In the equities space latency you need latencies sub-10 us to be seriously high frequency. Java and even standard OOP C++ on commodity hardware is not an option. You need C or a cut down version of C++ and specialist hardware like FPGAs, GPUs.
In FX, high frequency means a latencies of sub-100 us. In this space C++ or a cut down Java (low GC) with kernel bypass network adapter is an option. In this space, using one language or another will have pluses and minuses. Personally, I think Java gives more flexibility as the exchanges are constantly changing, assuming you believe you can use IT for competitive advantage.
In many cases, when people talk about high frequency, esp Banks, they are talking sub 1 ms or single digit ms. In this space, I would say the flexibility/dynamic programming of Java, Scala or C# etc would give you time to market, maintainability and reliability advantages over C/C++ or FPGA.
The problem Java faces
The problem is not in the language as such, but a lack of control over caches, context switches and interrupts. If you copy a block of memory, something which occurs in native memory, but using a different delay between runs, that copy gets slower depending on what has happened between copies.The problem is not GC, or Java as neither of these play much of a part. The problem is that part of the cache has been swapped out and the copy itself takes longer.
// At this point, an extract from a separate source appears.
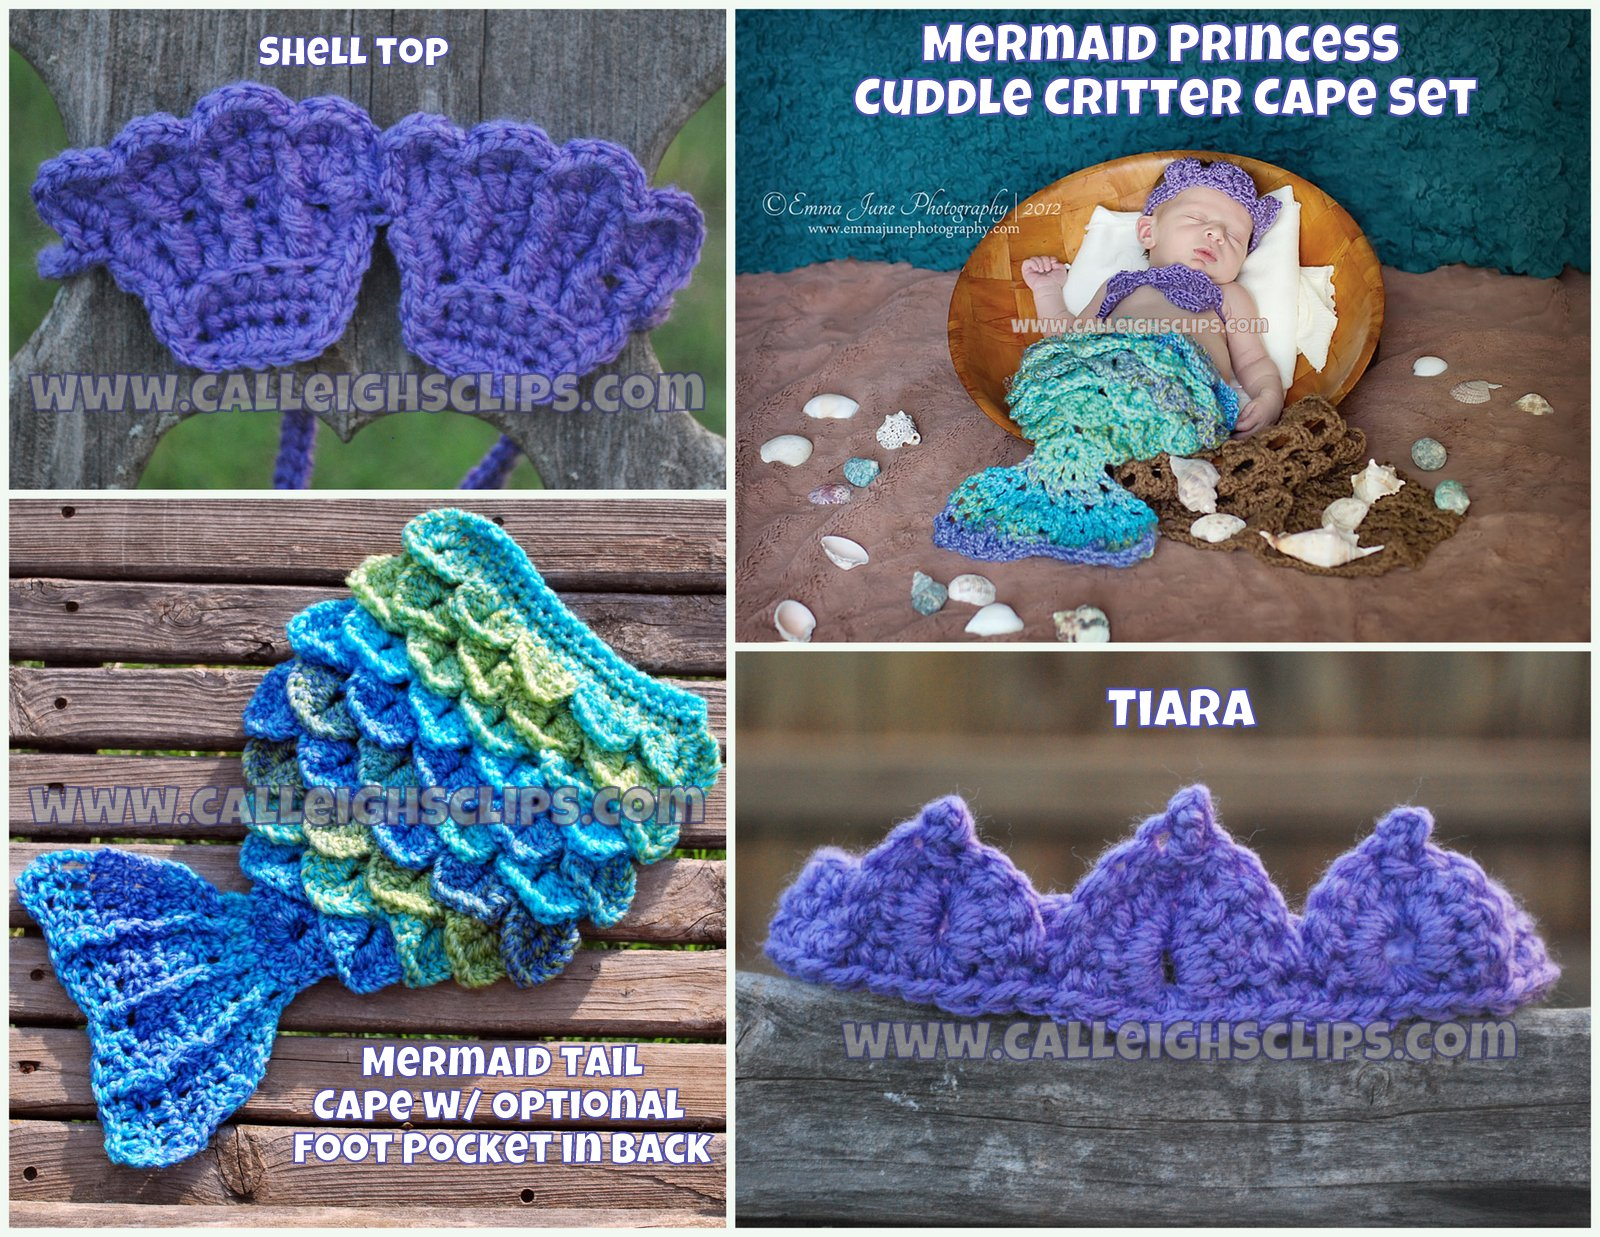 Calleighs Clips Crochet Creations Pre Sale Mermaid Princess

This is the same for any operation which accesses memory. e.g. accessing plain objects will also be slower.
private void doTest(Pauser delay) throws InterruptedException { int[] times = new int[1000 * 1000]; byte[] bytes = new byte[32* 1024]; byte[] bytes2 = new byte[32 * 1024]; long end = System.nanoTime() + (long) 5e9; int i; for (i = 0; i < times.length; i++) { long start = System.nanoTime(); System.arraycopy(bytes, 0, bytes2, 0, bytes.length); long time = System.nanoTime() - start; times[i] = (int) time; delay.pause(); if (start > end) break; } Arrays.sort(times, 0, i); System.out.printf(delay + ": Copy memory latency 1/50/99%%tile %.1f/%.1f/%.1f us%n", times[i / 100] / 1e3, times[i / 2] / 1e3, times[i - i / 100 - 1] / 1e3 ); }The test does the same thing many times, with different delays between performing that test. The test spends most of its time in native methods and no objects are created or discarded as during the test.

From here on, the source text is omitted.